Assigned task: In the data below, find the line containing "Maglia da calcio"; transcribe it and each line after it exactly, through the last, skipping pictures.

Material provided:
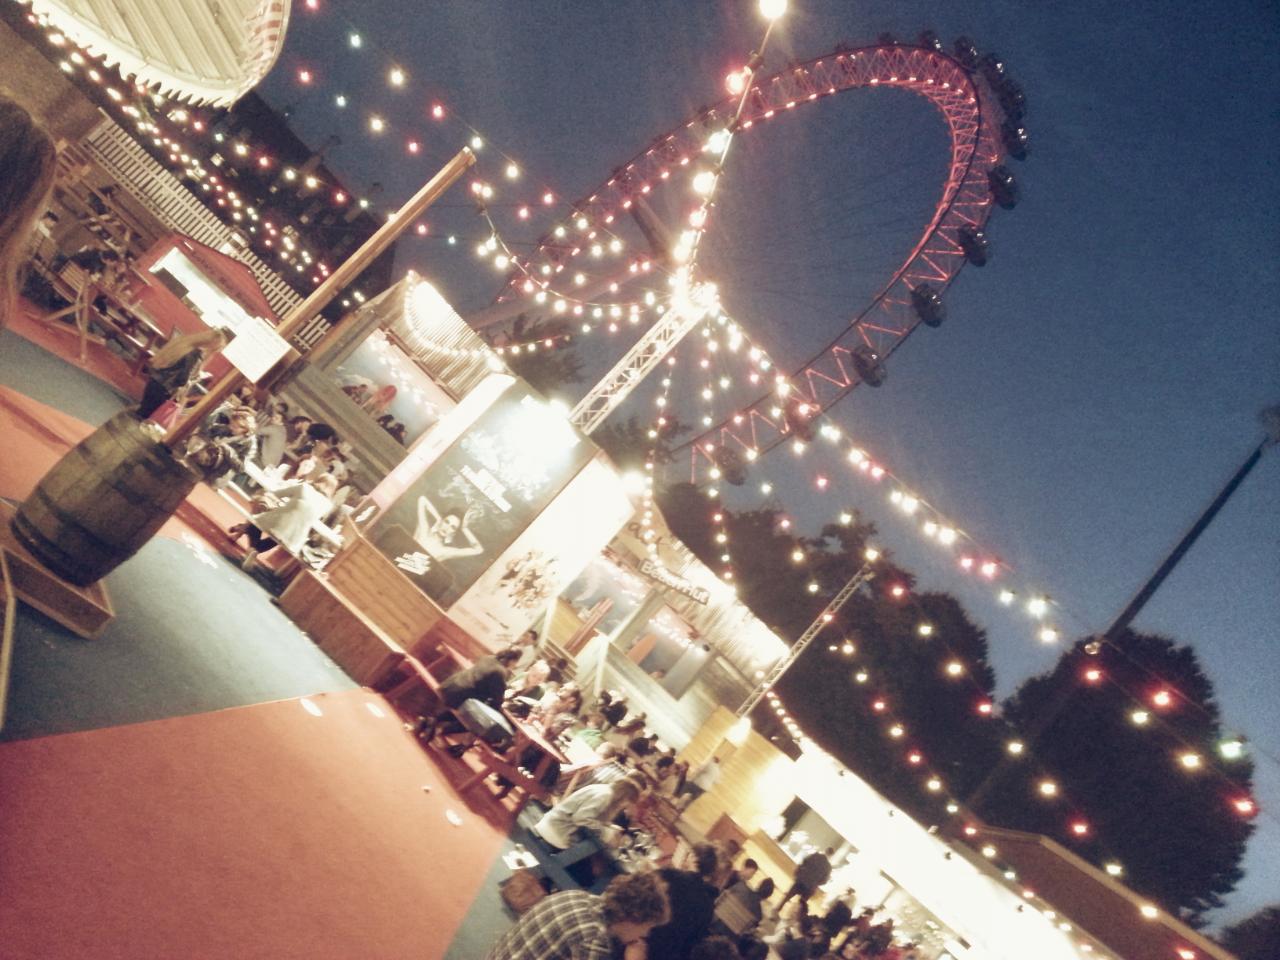 London eye from wonder ground
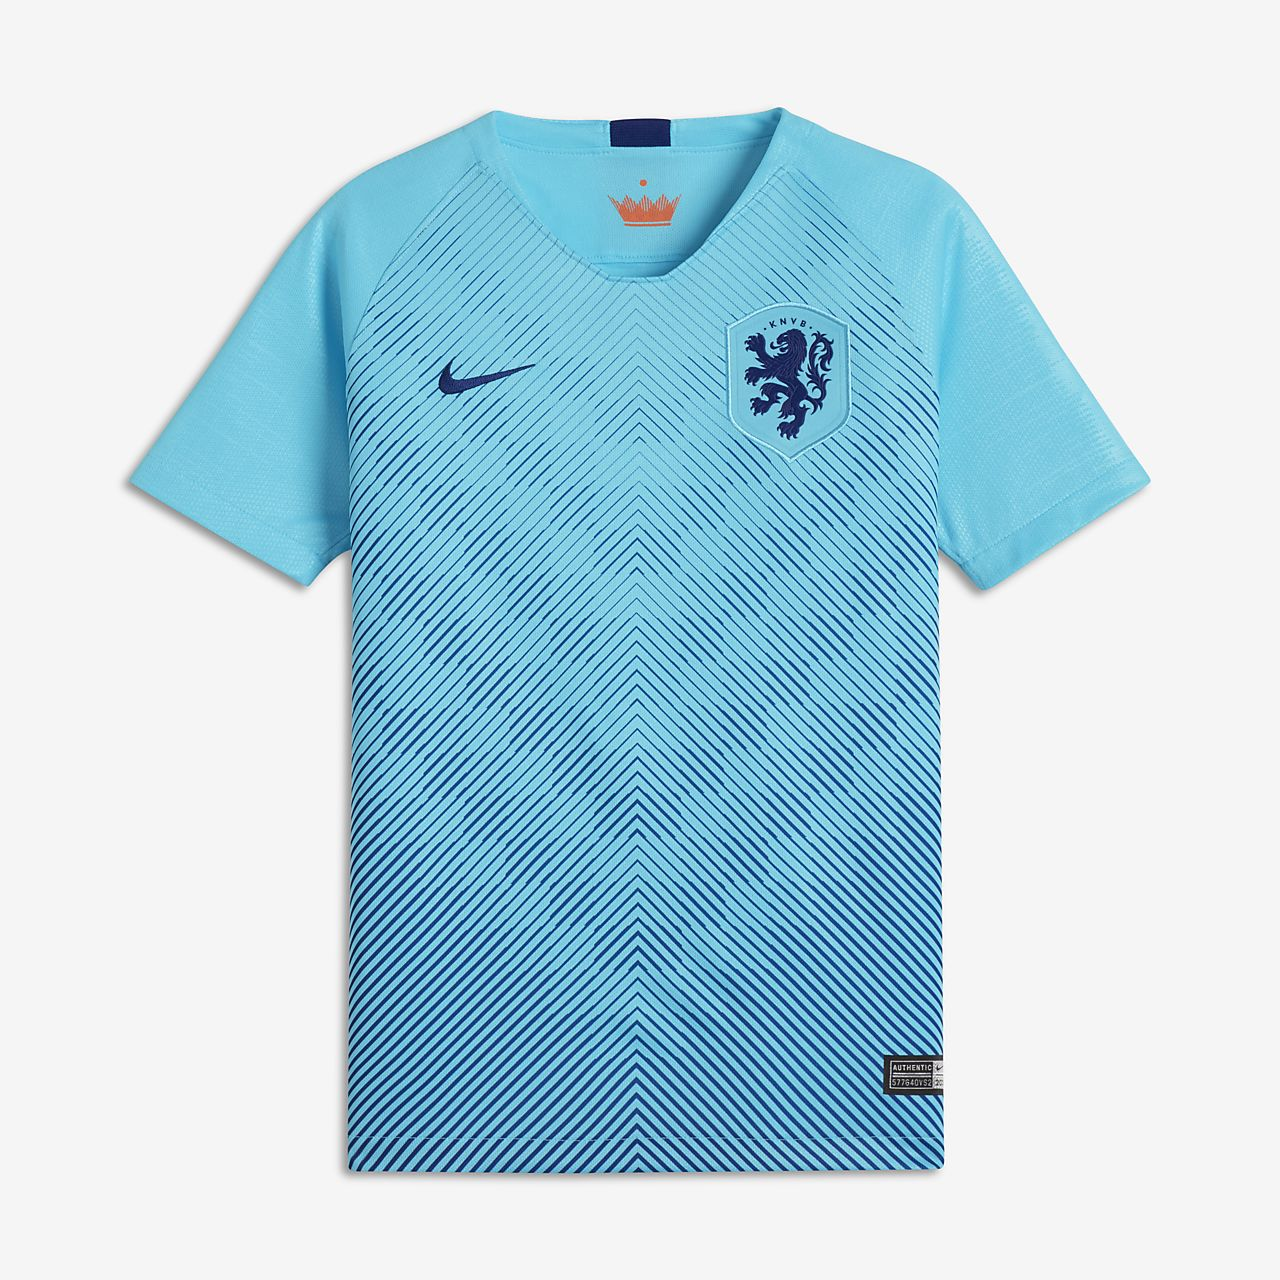 Maglia da calcio 2018 Netherlands Stadium Away - Ragazzi
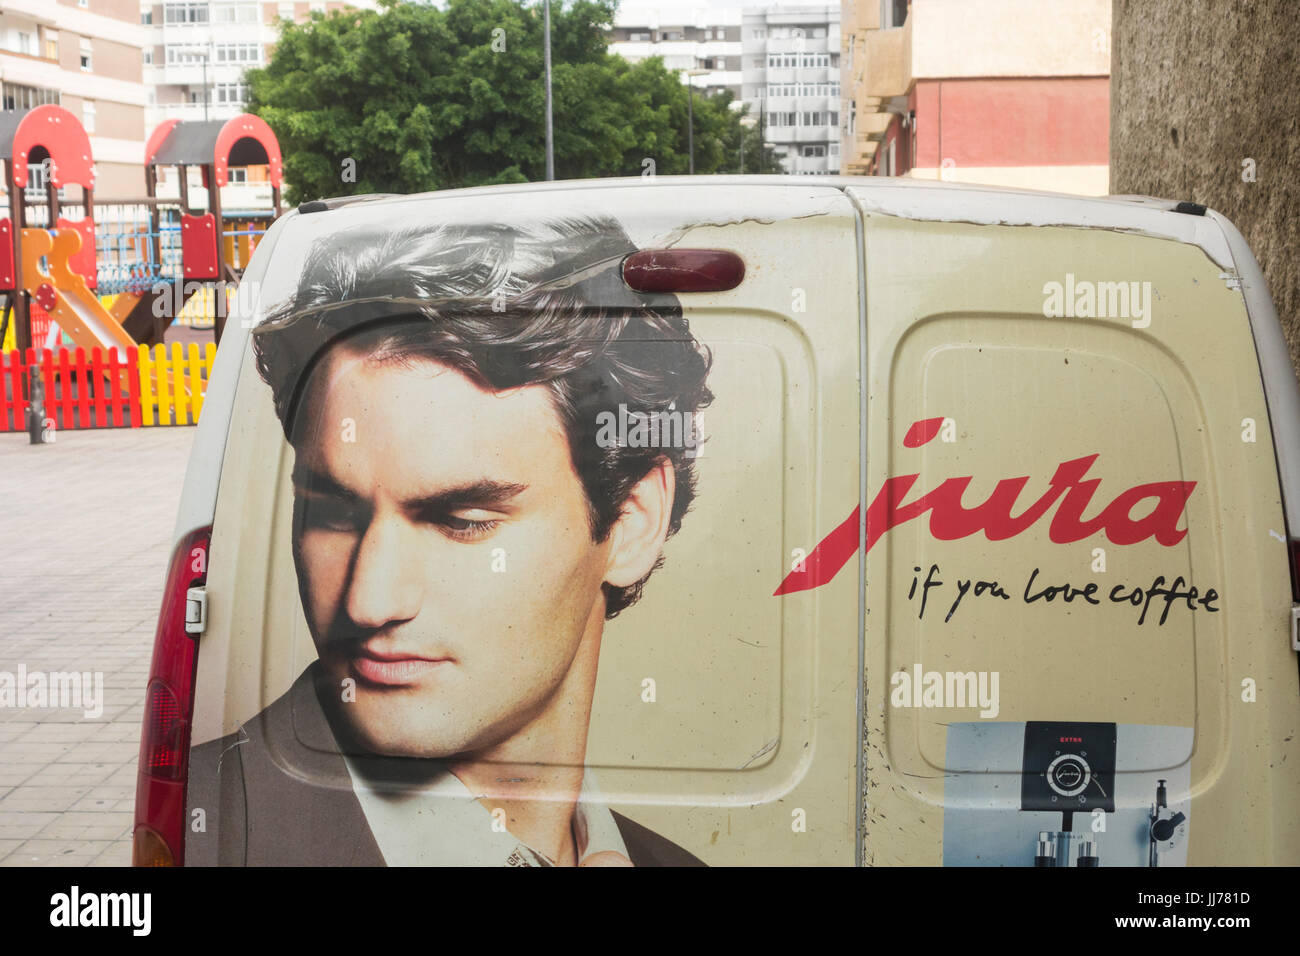 Image of Roger Federer on van delivering Jura coffee (one of his sponsors) in Spain. - Stock Image

Output of the task:
 Maglia da calcio 2018 Netherlands Stadium Away - Ragazzi
 Image of Roger Federer on van delivering Jura coffee (one of his sponsors) in Spain. - Stock Image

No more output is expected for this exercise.